WHAT IS EXPECTED
Using the entries below, output each line exactly from the first through the one that contains "Mirror's Edge Images".

-------- SOURCE MATERIAL

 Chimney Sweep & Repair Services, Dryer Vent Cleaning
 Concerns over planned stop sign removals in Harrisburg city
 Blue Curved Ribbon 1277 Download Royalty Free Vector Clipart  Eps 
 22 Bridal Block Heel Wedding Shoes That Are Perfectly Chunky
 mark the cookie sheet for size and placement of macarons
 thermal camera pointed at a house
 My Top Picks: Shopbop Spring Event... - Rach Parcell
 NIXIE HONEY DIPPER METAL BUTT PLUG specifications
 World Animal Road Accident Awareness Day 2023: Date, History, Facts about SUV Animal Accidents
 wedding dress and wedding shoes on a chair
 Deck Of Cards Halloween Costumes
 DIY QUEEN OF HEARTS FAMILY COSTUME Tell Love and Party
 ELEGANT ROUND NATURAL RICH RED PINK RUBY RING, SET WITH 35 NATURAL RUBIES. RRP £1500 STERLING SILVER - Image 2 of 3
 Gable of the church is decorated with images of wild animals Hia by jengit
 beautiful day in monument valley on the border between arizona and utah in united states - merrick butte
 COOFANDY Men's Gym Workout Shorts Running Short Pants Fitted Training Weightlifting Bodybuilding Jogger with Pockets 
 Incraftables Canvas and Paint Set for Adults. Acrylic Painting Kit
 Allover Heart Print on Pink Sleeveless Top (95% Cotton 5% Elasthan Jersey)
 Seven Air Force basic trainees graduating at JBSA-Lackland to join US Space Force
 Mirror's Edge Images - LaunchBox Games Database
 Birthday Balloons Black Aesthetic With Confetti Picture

----------------

RESPONSE TO THIS EXERCISE
 Chimney Sweep & Repair Services, Dryer Vent Cleaning
 Concerns over planned stop sign removals in Harrisburg city
 Blue Curved Ribbon 1277 Download Royalty Free Vector Clipart  Eps 
 22 Bridal Block Heel Wedding Shoes That Are Perfectly Chunky
 mark the cookie sheet for size and placement of macarons
 thermal camera pointed at a house
 My Top Picks: Shopbop Spring Event... - Rach Parcell
 NIXIE HONEY DIPPER METAL BUTT PLUG specifications
 World Animal Road Accident Awareness Day 2023: Date, History, Facts about SUV Animal Accidents
 wedding dress and wedding shoes on a chair
 Deck Of Cards Halloween Costumes
 DIY QUEEN OF HEARTS FAMILY COSTUME Tell Love and Party
 ELEGANT ROUND NATURAL RICH RED PINK RUBY RING, SET WITH 35 NATURAL RUBIES. RRP £1500 STERLING SILVER - Image 2 of 3
 Gable of the church is decorated with images of wild animals Hia by jengit
 beautiful day in monument valley on the border between arizona and utah in united states - merrick butte
 COOFANDY Men's Gym Workout Shorts Running Short Pants Fitted Training Weightlifting Bodybuilding Jogger with Pockets 
 Incraftables Canvas and Paint Set for Adults. Acrylic Painting Kit
 Allover Heart Print on Pink Sleeveless Top (95% Cotton 5% Elasthan Jersey)
 Seven Air Force basic trainees graduating at JBSA-Lackland to join US Space Force
 Mirror's Edge Images - LaunchBox Games Database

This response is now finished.